Most authoritarian Republican Party in America considers nullifying another election
The people have spoken, and nobody is better at ignoring that voice than Robin Vos and his cronies:
Wisconsin Republicans, after a string of losses in hotly contested statewide races, are taking steps toward sidelining the state’s nonpartisan elections chief and undercutting the new liberal majority on the state Supreme Court.
Their actions – an escalation of bitter, partisan feuds that have rankled the state government in one of the nation’s most important swing states for years – raise questions about how the 2024 election will be run there and who will set the rules.
“This is clearly uncharted territory,” said David Canon, a political science professor at the University of Wisconsin-Madison.
With a new supermajority, Republicans in the state Senate are moving to fire Meagan Wolfe, the administrator of the nonpartisan Wisconsin Elections Commission who continues to be the target of false conspiracy theories about the 2020 election.
Democrats say Republicans don’t have the power to remove Wolfe. Their battle could land in state courts – where the GOP is considering an unprecedented power grab and further partisan battles are brewing.
Just months after liberal Justice Janet Protasiewicz won a 10-year Wisconsin Supreme Court term in a race that focused largely on abortion rights and gerrymandering, handing liberals a 4-3 majority on the bench after 15 years of conservative control, state Assembly Speaker Robin Vos and other influential Republicans have floated the prospect of impeaching Protasiewicz. It would be a move that has only happened once in Wisconsin history – in 1853, when the Assembly voted to impeach a state judge accused of corruption, who was later acquitted by the Senate.

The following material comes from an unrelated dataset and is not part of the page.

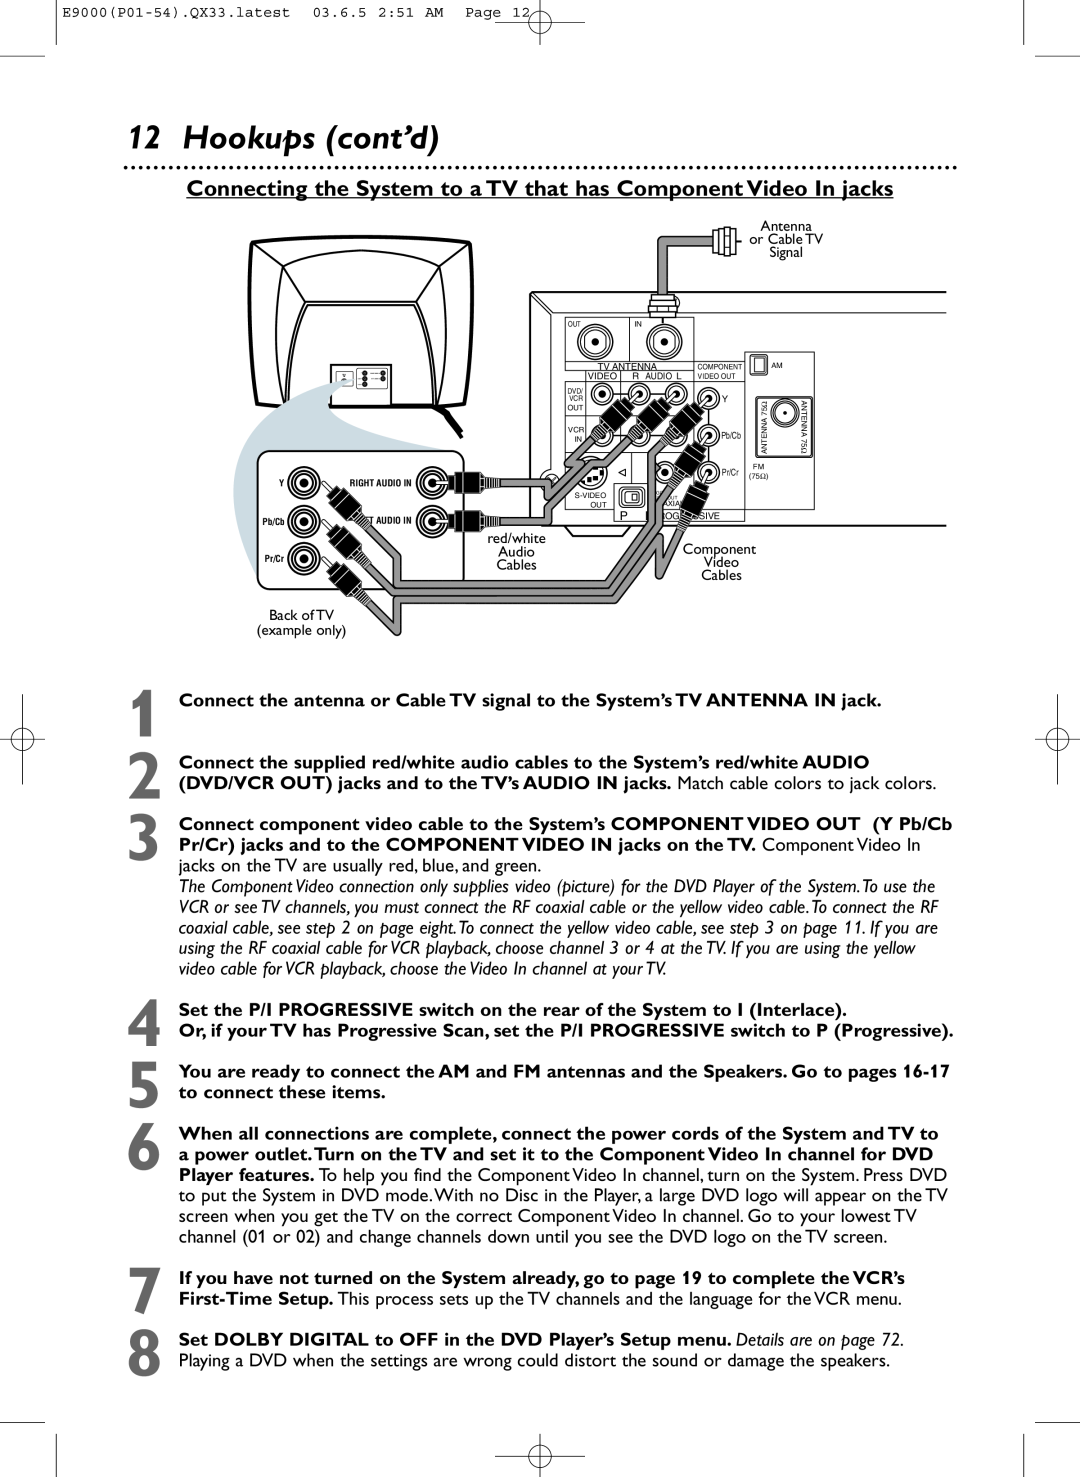 Magnavox MRD500VR owner manual Hookups cont’d, Connecting the System to a TV that has Component Video In jacks

Further complicating the situation: Wisconsin Senate Majority Leader Devin LeMahieu, a Republican, has said the chamber would not consider acting on Protasiewicz. If the Assembly votes to impeach the justice and the Senate were to convict and remove her from office, Democratic Gov. Tony Evers would appoint her replacement. But if the Senate takes no action at all, she would be suspended from all official duties – leaving the court deadlocked, 3-3.
Canon described that potential course of action as “an even more diabolical twist.”
To prevent the popularly elected Protasiewicz from voting with a completely frivolous impeachment vote and prevent the governor who is also accountable to the people from even nominating a replacement would be the most egregious attack on democracy in Wisconsin by the state’s degenerate Republican Party yet, and it very much could happen.
One reason Rucho is one of the very worst decisions in the long and mostly ignominious history of the Supreme court is that elmininting democratic elections for the legislature tends to lead to escalating cycles of authoritarianism. A party that believes it has the right to permanently enconse itself in power is unlikely to be bound by other democratic norms, and it leaves the state’s voters with no exit.